Remembering Percy E. Sutton

Remembering Percy E. Sutton


Rev. Jesse Jackson said “The tallest tree in our forest has fallen.”

Tuskegee Airman Dr. Roscoe Brown said “Percy would dream the impossible and make it work.”

Stevie Wonder took a red-eye flight from Los Angeles to pay his respects. Before singing “I’ll Be Loving You Always,” he told the family “they were blessed to have a king in their family.”

Clarence B. Jones, former speechwriter and counsel to Dr. Martin Luther King, said “Percy was black and proud before James Brown asked us to be.”

Attalah Shabazz, eldest daughter of slain civil rights leader Malcolm X, said “Not even I could be who I am today if it were not for the friendship, wit, and counsel that Percy had for my dad when no one was looking.
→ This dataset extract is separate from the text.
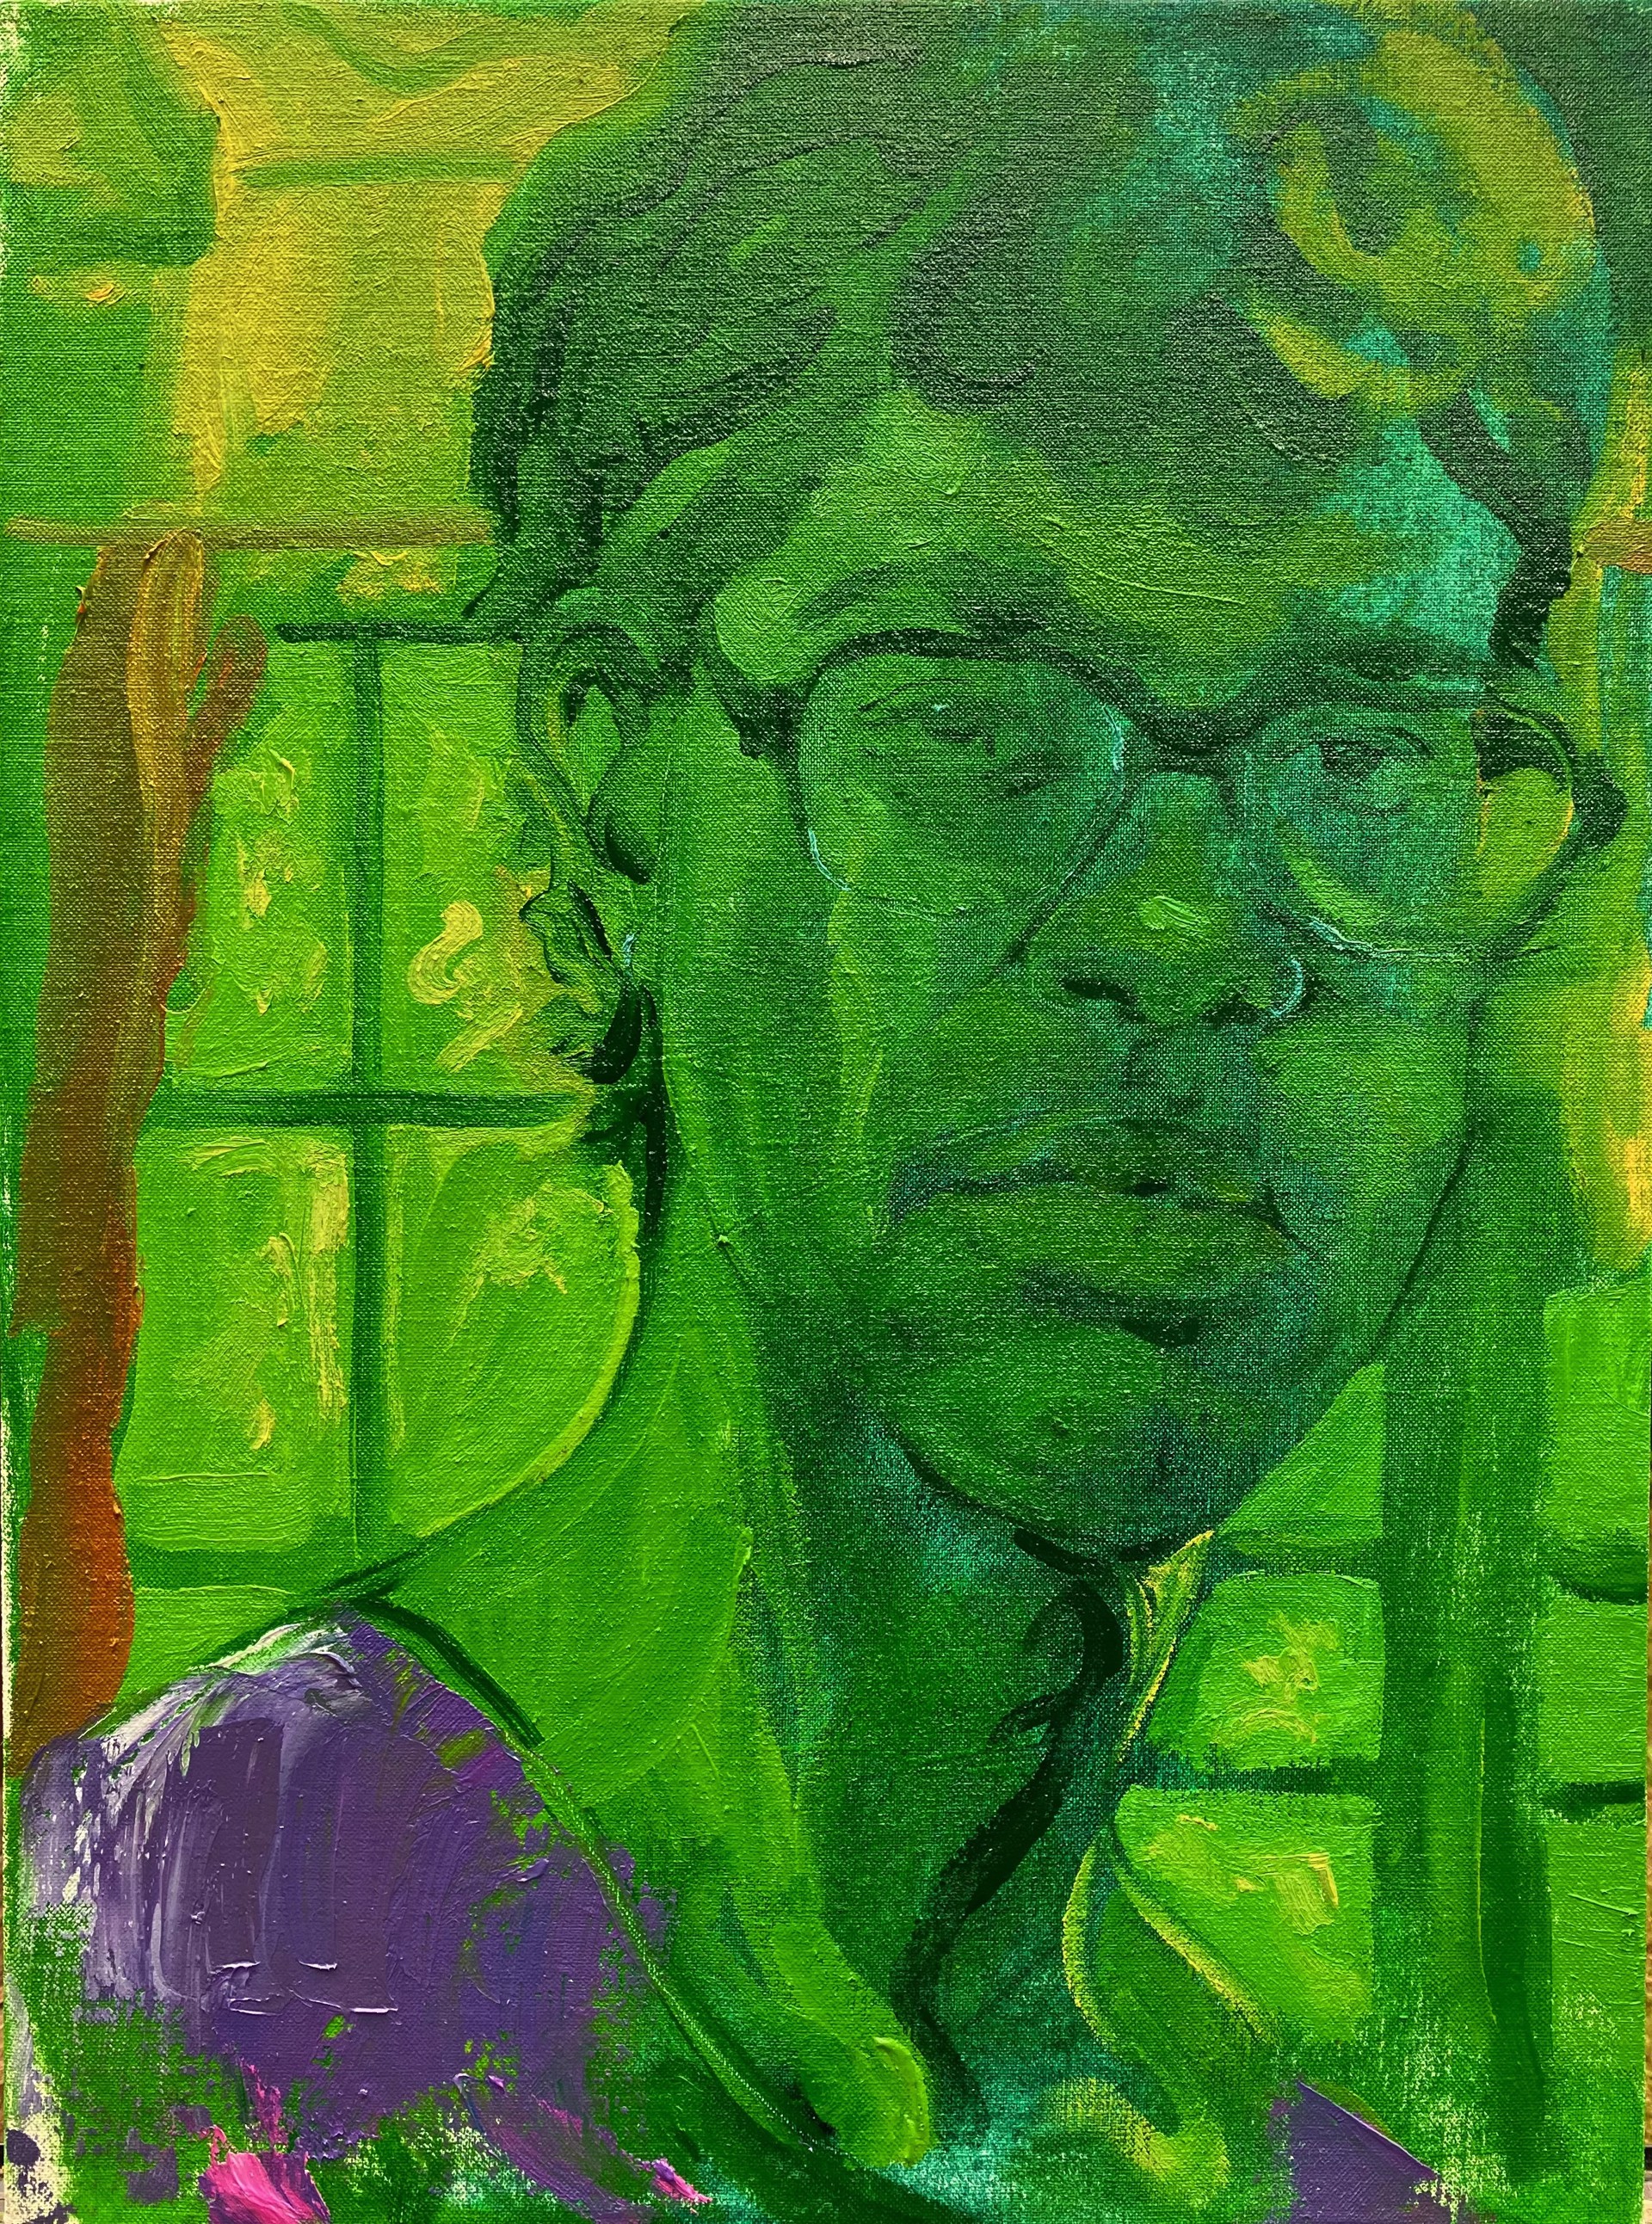 Myself, in Green by Holden Willard

Even when things didn’t seem to be on his side, he was always on ours.”

Honorable Inez E. Dickens credited the tenacity of Sutton and the Gang of Four. “I am the first black woman to be in leadership in the New York City Council because of them. … Percy had unmatched eloquence, he was brilliant, a visionary, prolific writer, and civil rights champion.”

After the service, a motorcade drove through Harlem passing Sutton’s office on 125th street and pausing at the Apollo Theater for a moment of silence. He will be cremated and his ashes flown to Texas. Mayor Michael Bloomberg announced that a complex of three schools in Harlem will be renamed the Percy Ellis Sutton Educational Complex.